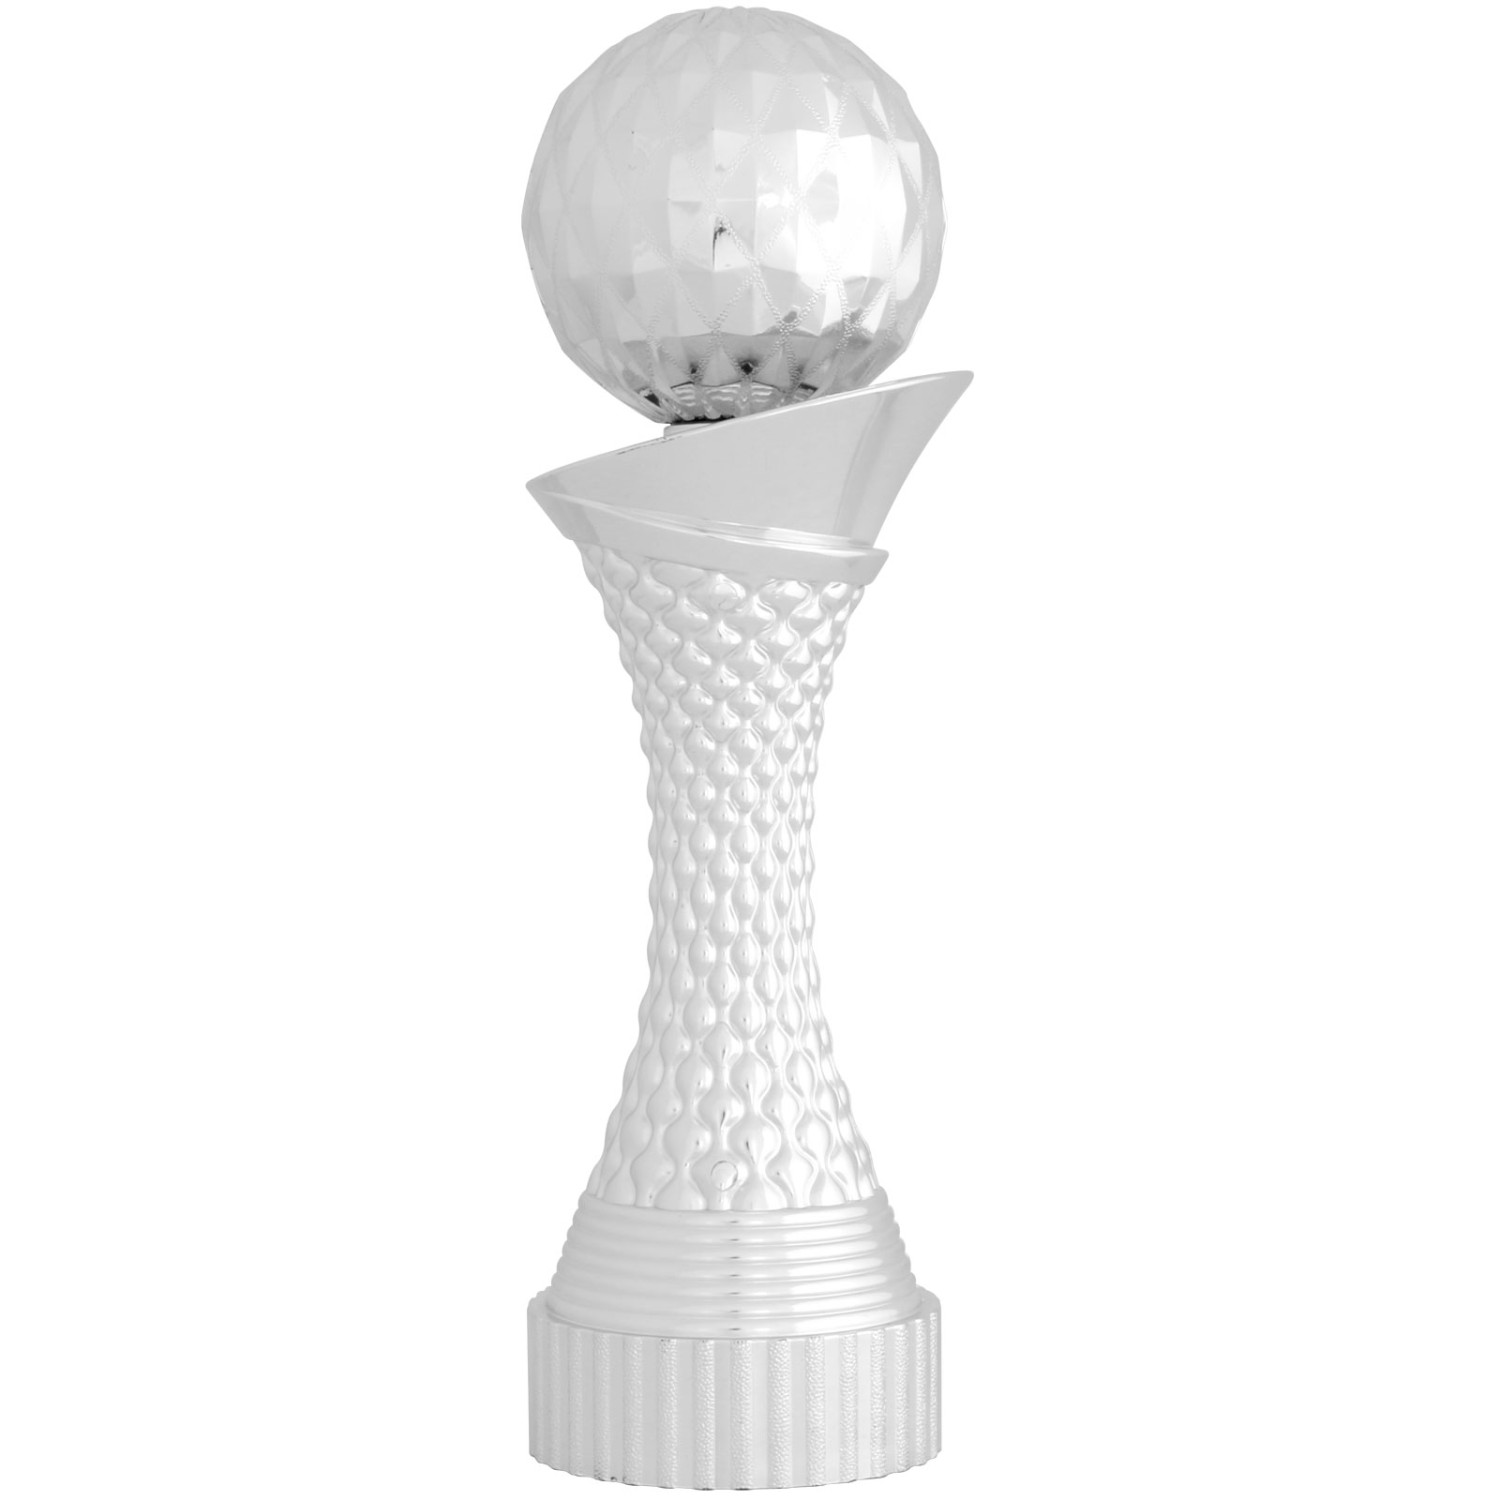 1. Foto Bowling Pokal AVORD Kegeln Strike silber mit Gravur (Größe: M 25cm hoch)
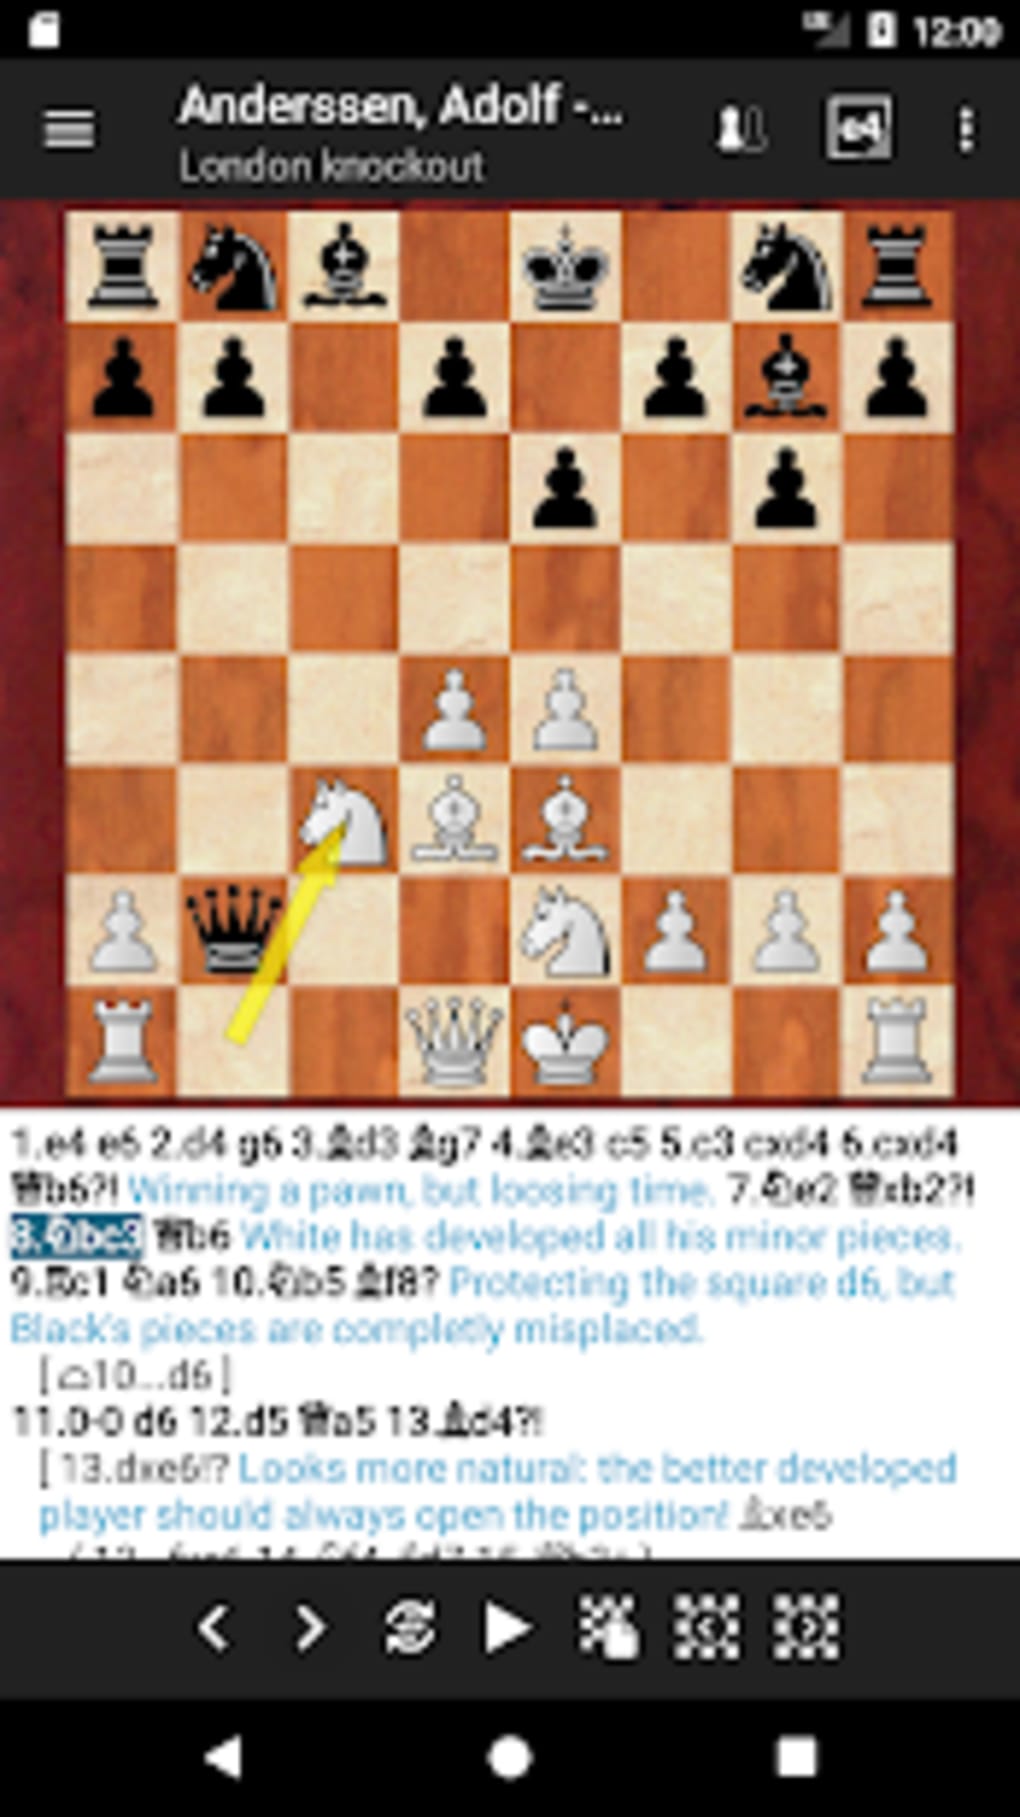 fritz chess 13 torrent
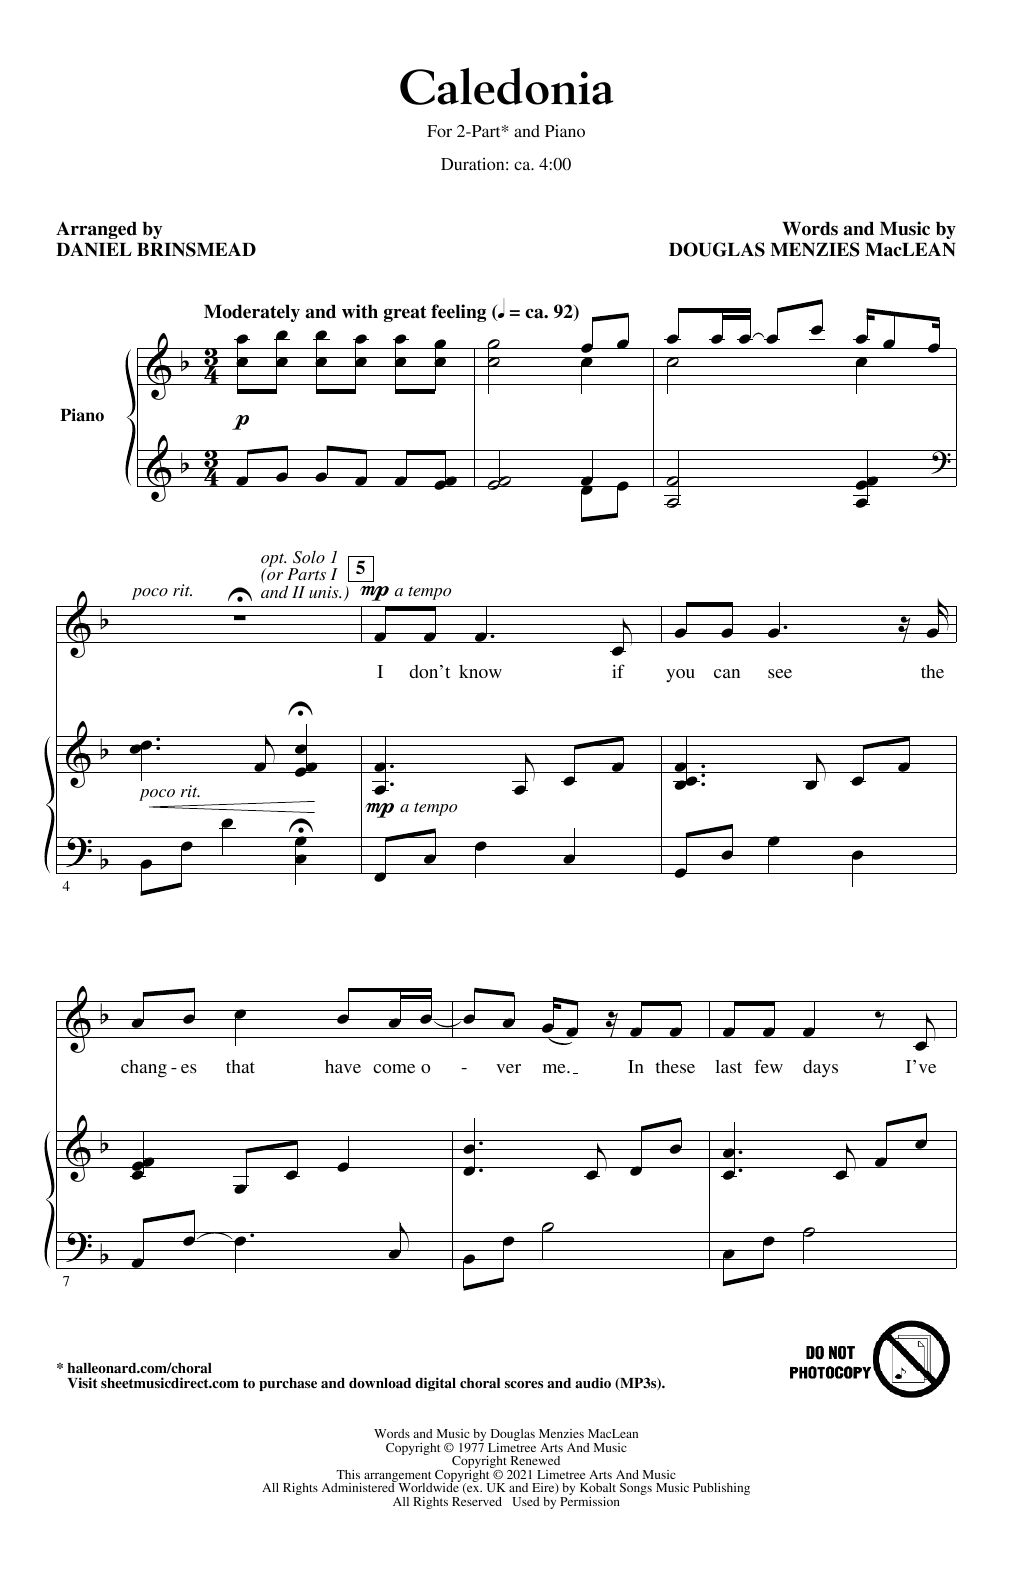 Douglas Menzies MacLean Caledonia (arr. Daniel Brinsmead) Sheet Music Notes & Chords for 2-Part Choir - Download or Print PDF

****************

Activity -> Reproduce the data word for word; no pictures.

Exercise output ->
 1. Foto Bowling Pokal AVORD Kegeln Strike silber mit Gravur (Größe: M 25cm hoch)
 fritz chess 13 torrent
 Douglas Menzies MacLean Caledonia (arr. Daniel Brinsmead) Sheet Music Notes & Chords for 2-Part Choir - Download or Print PDF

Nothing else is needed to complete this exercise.